- Film poster
- Chinese: 雞排英雄
- Directed by: Yeh Tien-lun
- Written by: Yeh Tien-lun
- Produced by: Yeh Tan-ching
- Starring: Lan Cheng-lung, Ko Chia-yen
- Cinematography: Chin Ting-chang
- Music by: Lu Sheng-fei
- Production company: Green Film Production [zh]
- Distributed by: 20th Century Fox
- Release date: January 28, 2011;
- Running time: 124 minutes
- Country: Taiwan
- Language: Taiwanese Hokkien

= Night Market Hero =

Night Market Hero (雞排英雄) is a 2011 Taiwanese film. The plot focuses on the life of food vendors in Taiwan's night markets. It was performed by Lan Cheng-lung, Ko Chia-yen, and Chu Ke-liang. It won “best film” at The Guam International Film Festival in 2011.

==Plot==
The 888 Night Market, is a place filled with an atmosphere of warmth and joy every day. A-hua is the night market's managing director and, responsible for mediating night market disputes to protect the interests of the vendors.

One night, Lin Yi-nan, a female reporter, was riding her motorcycle and collided with Hsiao-chi near the night market. When A-hua met Lin Yi-nan, his heart unconsciously opened. However, since their meeting, Lin Yi-nan's life fell into chaos – at work, she was severely criticized by her supervisor; her boyfriend broke up with her; and she was sentenced to community service at 888 Night Market as a punishment for destroying an electric circuit.

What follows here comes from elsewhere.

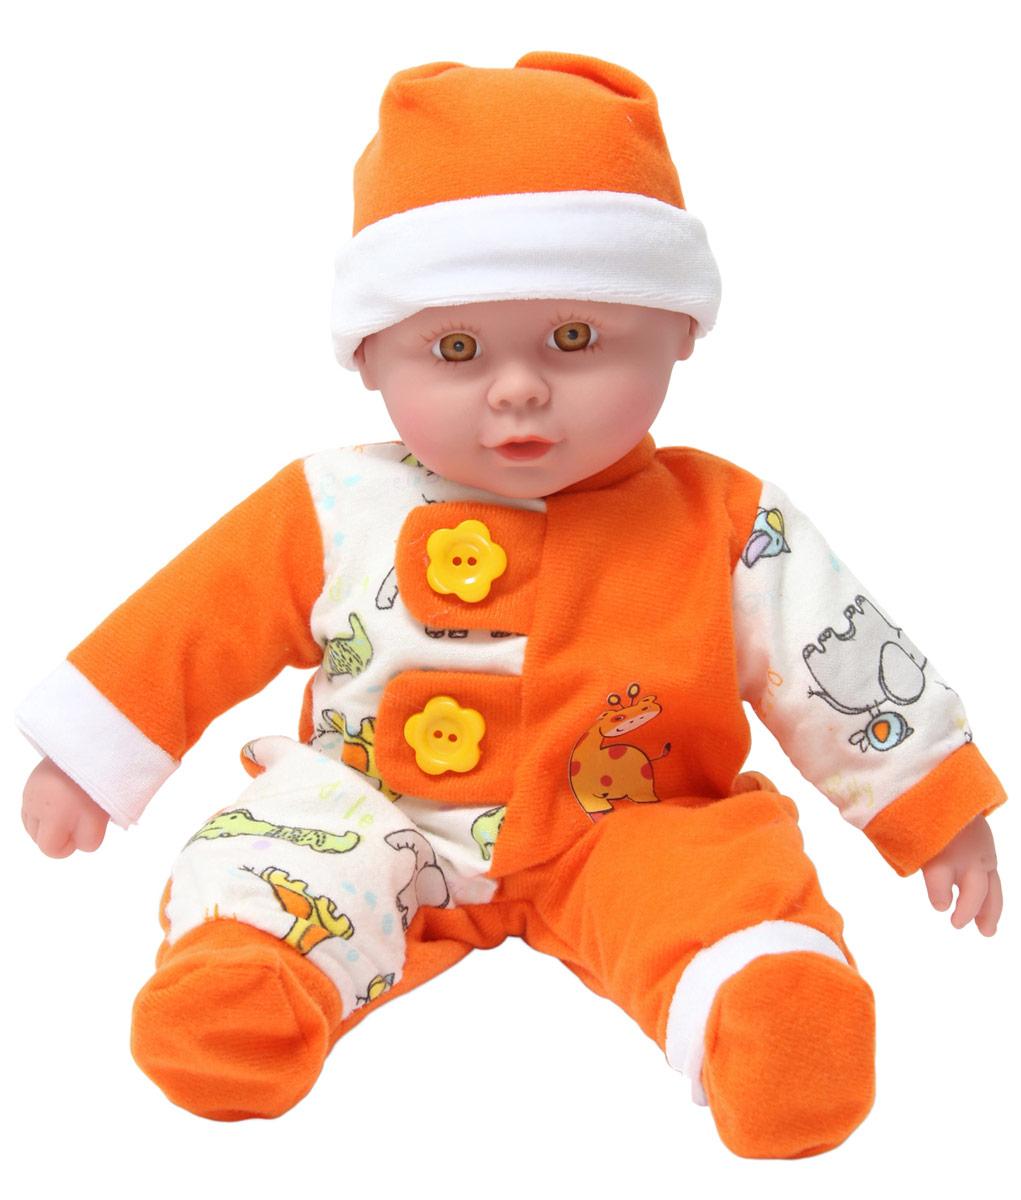 Lisa Jane Пупс озвученный в оранжевом наряде 4034740347

The friendliness of A-hua and the vendors gradually dispelled the loneliness that Lin Yi-nan felt in a foreign place, and their relationship was no longer tense.

Later, a construction company purchased the land where 888 Night Market was located, bribed legislator Chang Chin-liang, and threatened to close the market. The vendors’ livelihoods were at risk. What was worse, the construction company also employed gangsters to damage the night market.

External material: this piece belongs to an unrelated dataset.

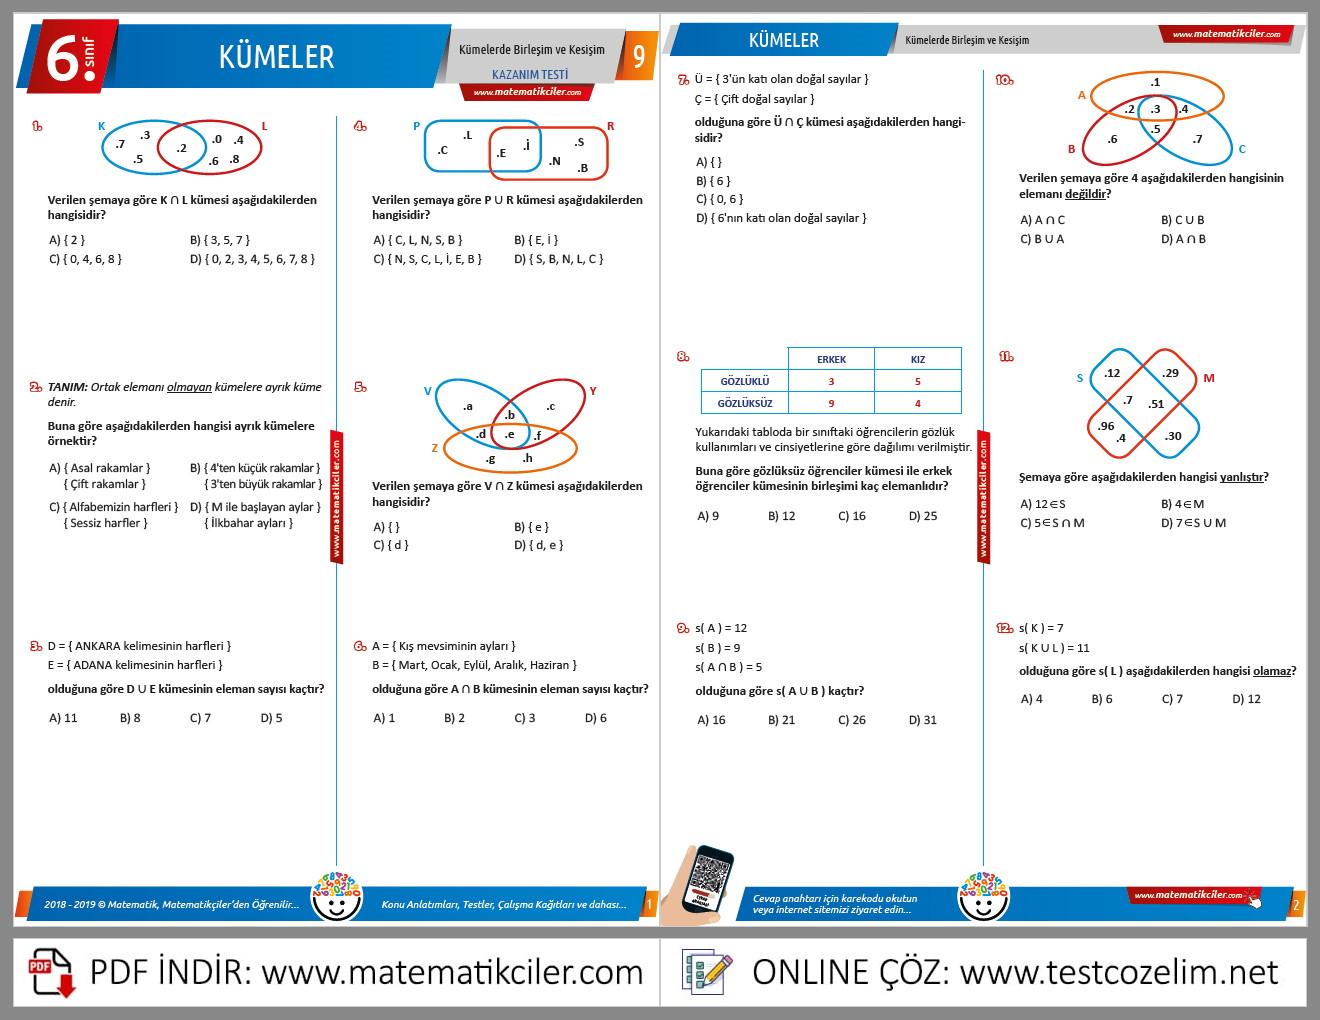 6. Sınıf Kümelerde Kesişim ve Birleşim Testi

To protect the night market, A-hua led the vendors to protest and work with media to reveal the stories of their hardships and dreams. In the end, the night market was preserved.

==Casting==
- Lan Cheng-lung as Chen Yi-hua, nicknamed, A-hua, managing director of 888 Night Market
  - Barry Liang as young A-hua
- Ko Chia-yen as Lin Yi-nan, a reporter
  - Chu Ching-yu as young Lin Yi-nan
- David Chao as Wang Kuo-ping, nicknamed Siba Wang (Eighteen King), sausage vendor
- Lotus Wang as King Ai-chu, nicknamed A-chu
- Yen Yi-wen as Chiu Man-mei, elder sister of Hsiao-chi
- Emerson Tsai as Hsiao-chi (Little Seven)
- Esther Liu as Lin Mei-hsiang, vendor of cosmeceuticals
- Wu Tsui-o as Chen Wang-ju, A-hua's grandmother
- Lu Hsueh-feng as Auntie, provides threading services, mother of Lin Yi-nan
- Fan Kuang-yao as Luo Shang-te, legislative assistant to Chang Chin-liang
- Ying Wei-min as Hong Kuei (Red Turtle), a gangster
- Wang Ching-kuan and Bamboo Chen as construction workers
- Hao Shao-ting as Fatty, the son of A-chu
- Wu Kuo-chou as A-chu's assistant
- Chu Ke-liang as Chang Chin-liang, a legislator
- Cheng Chih-hung as a legislator

==Reception==
Night Market Hero is the feature directorial debut film of Yeh Tien-lun. The film drew attention for its use of Taiwanese Hokkien, and was compared to Cinema Paradiso and the work of François Truffaut. The release of the Taiwanese film Night Market Hero in mainland China marked a watershed moment in Taiwan's film industry. Night Market Hero is the first Taiwanese film to be shown in mainland China since the Economic Cooperation Framework Agreement was signed on June 29, 2010. It grossed NT$140 million (US$4.9 million) at Taiwan box offices in 2011.